:: Task instructions ::
Restate all of the following data exactly, keeping any images out of the copy.

:: Source material ::
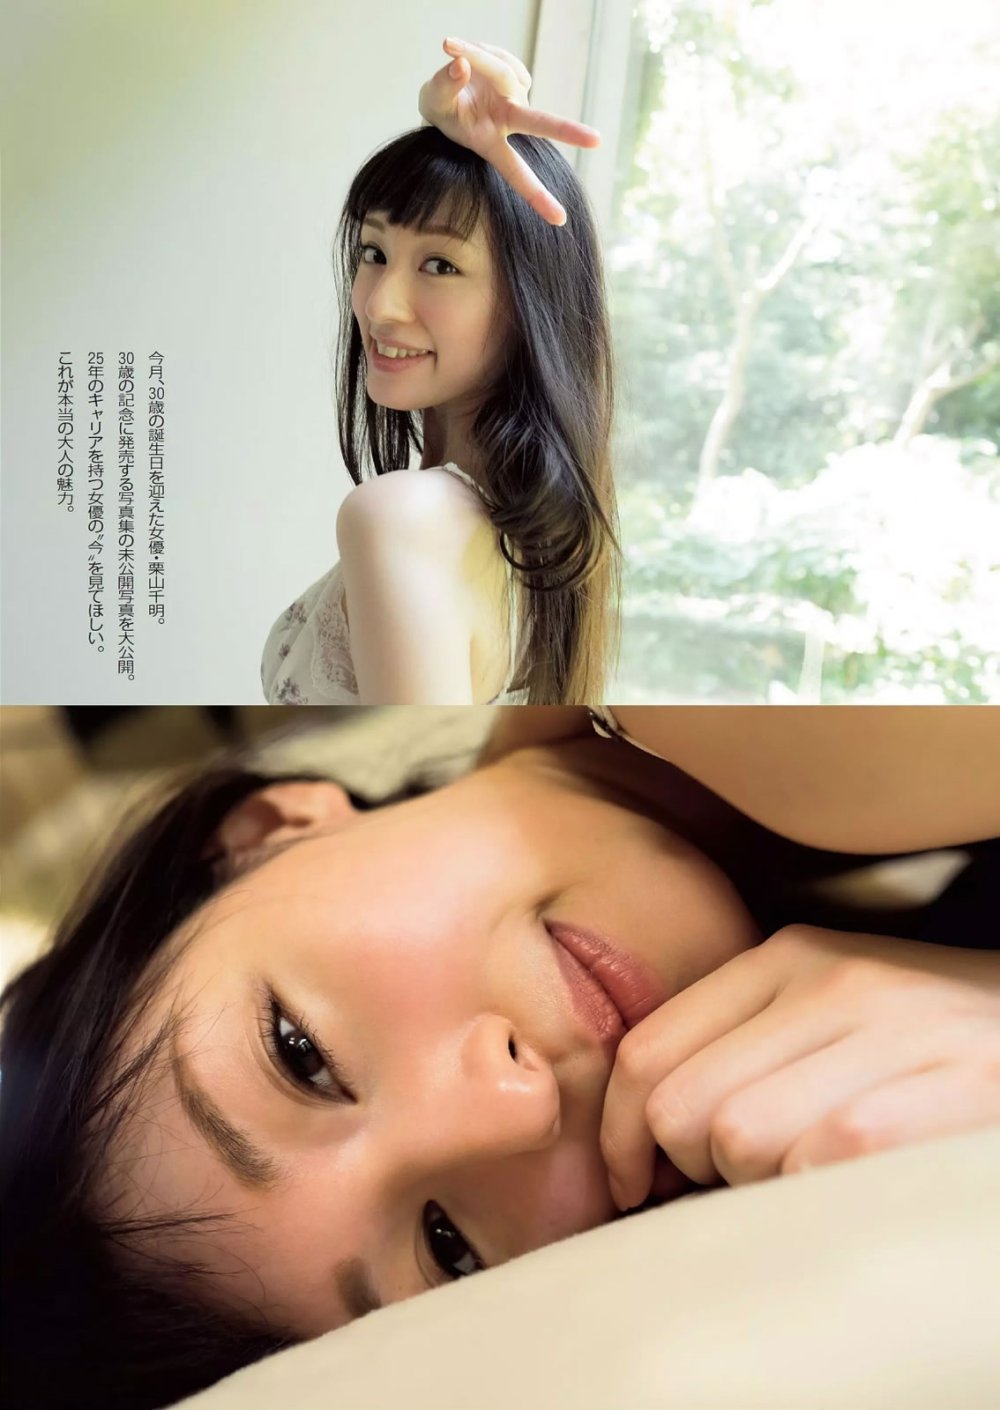 Chiaki Kuriyama Sexy and Hottest Photos , Latest Pics
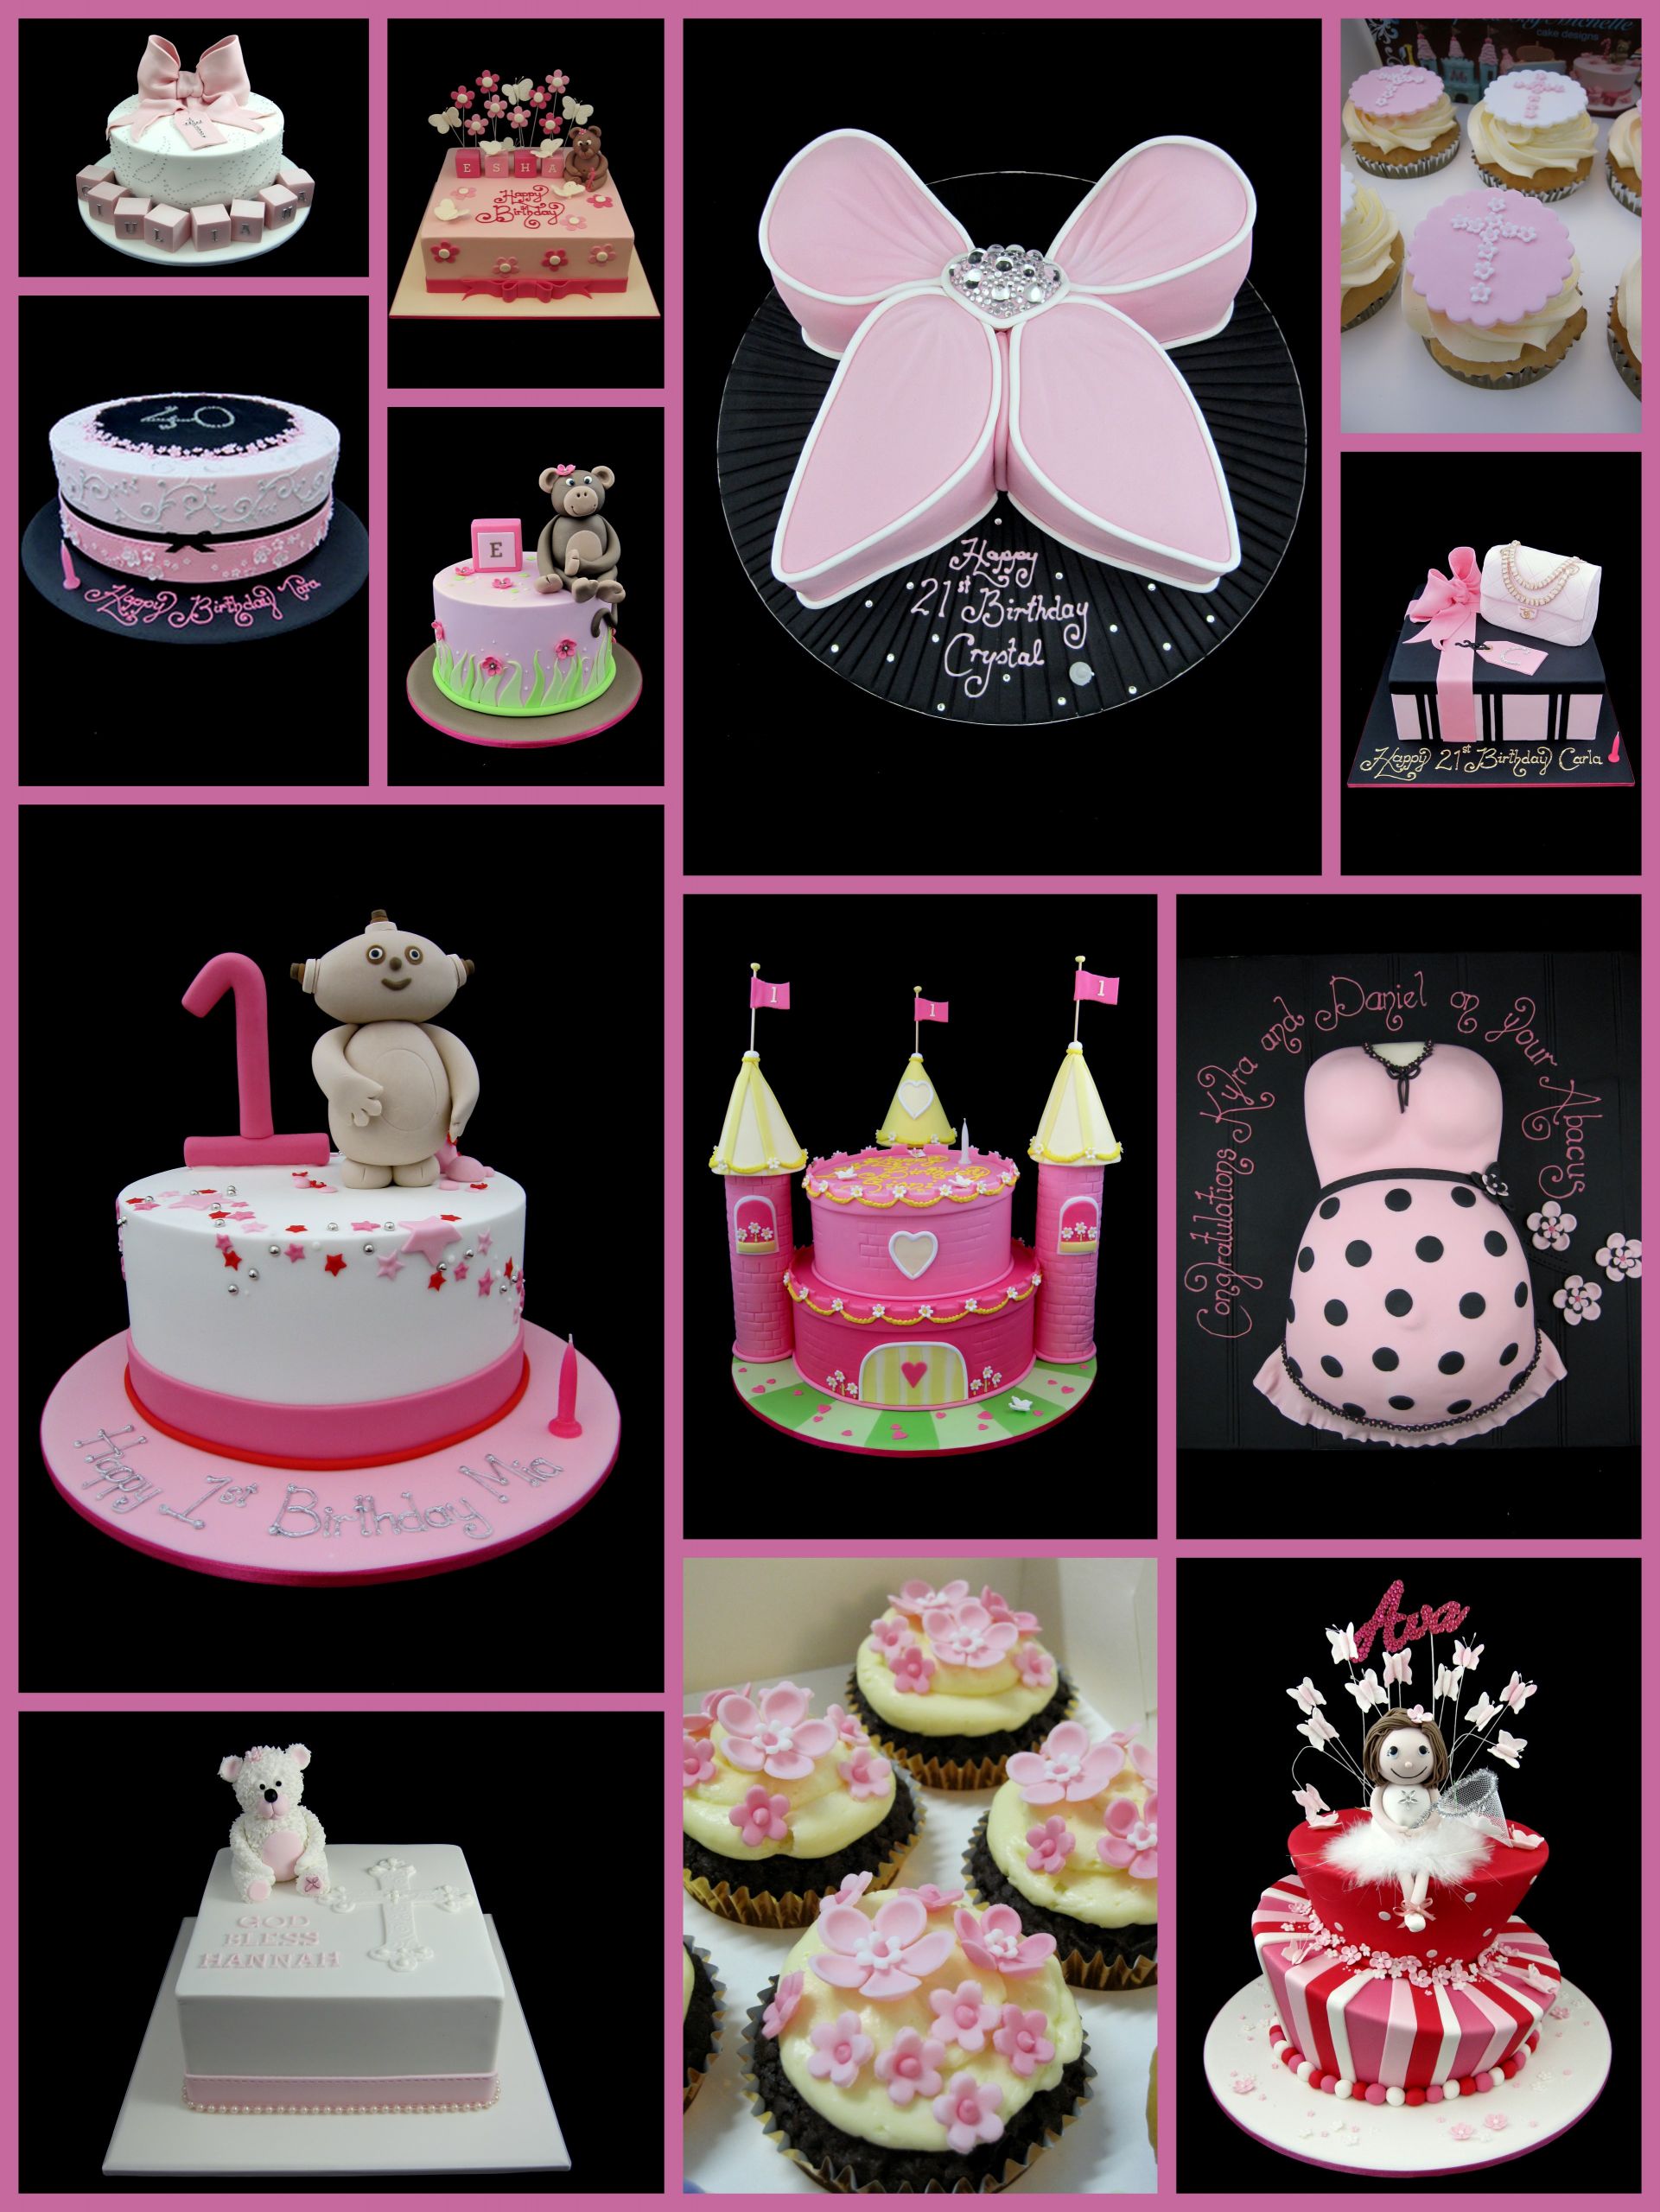 Birthday Cakes Designs
 21st birthday cakes
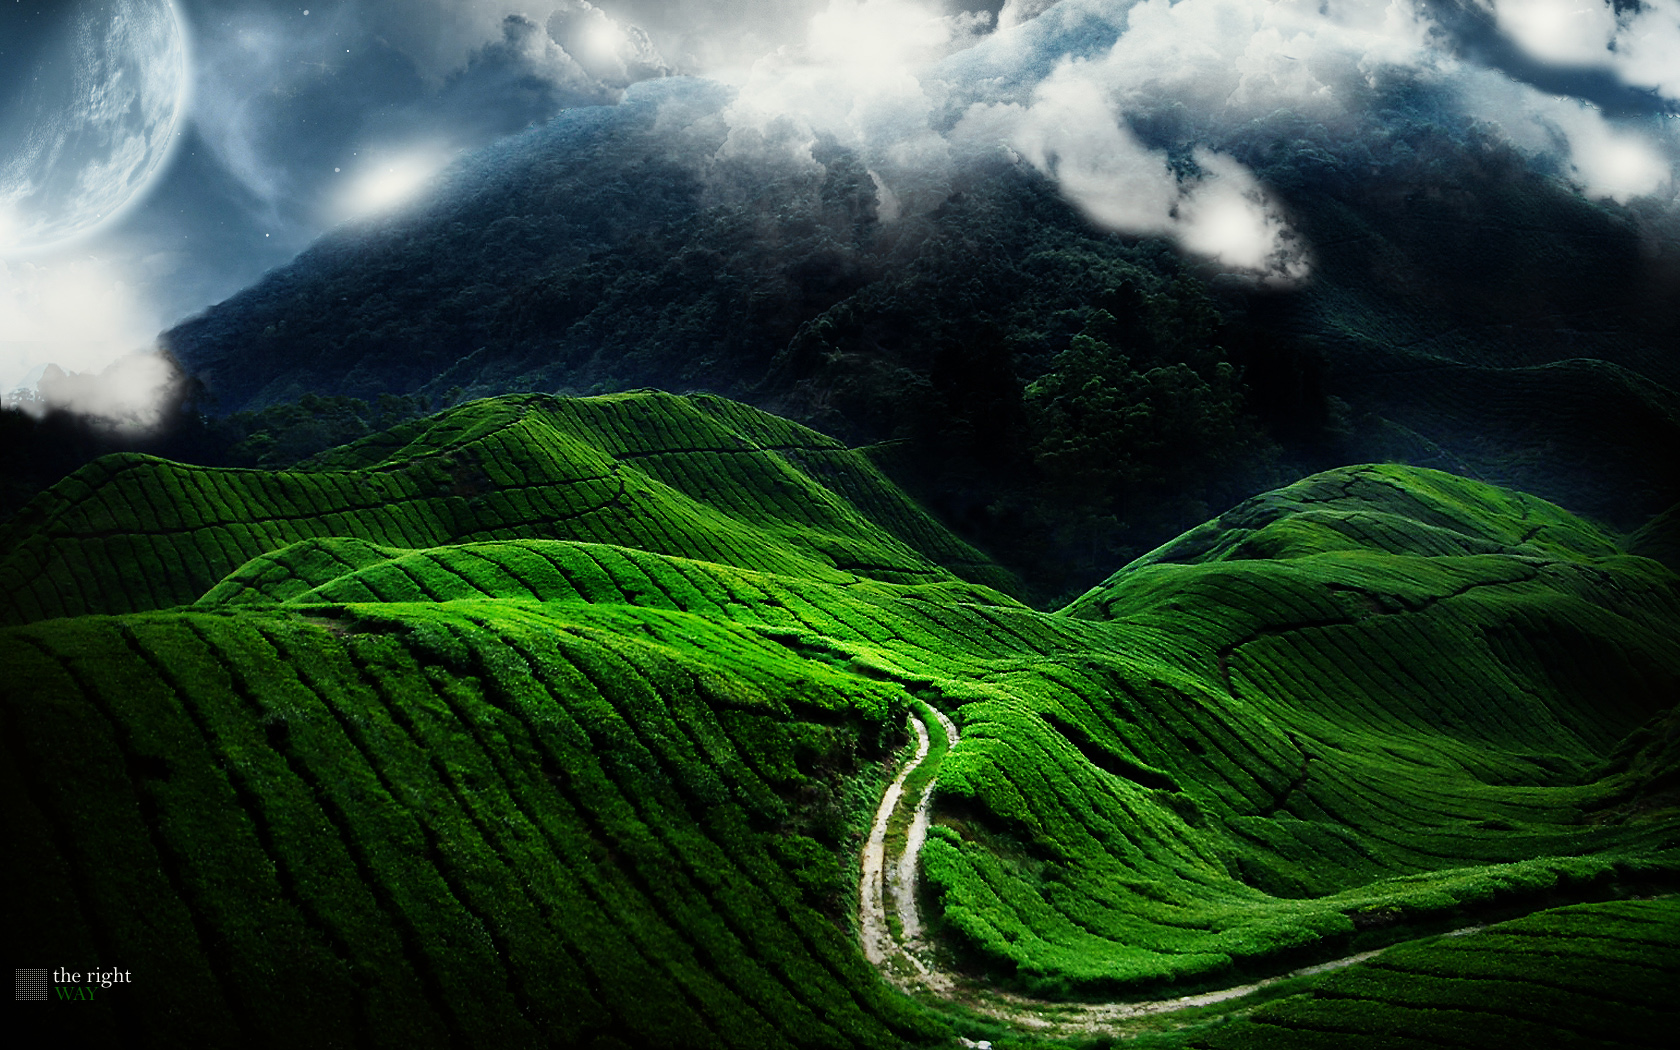 hill, landscape, green, man made, moon, road

:: Result ::
 Chiaki Kuriyama Sexy and Hottest Photos , Latest Pics
 Birthday Cakes Designs
 21st birthday cakes
 hill, landscape, green, man made, moon, road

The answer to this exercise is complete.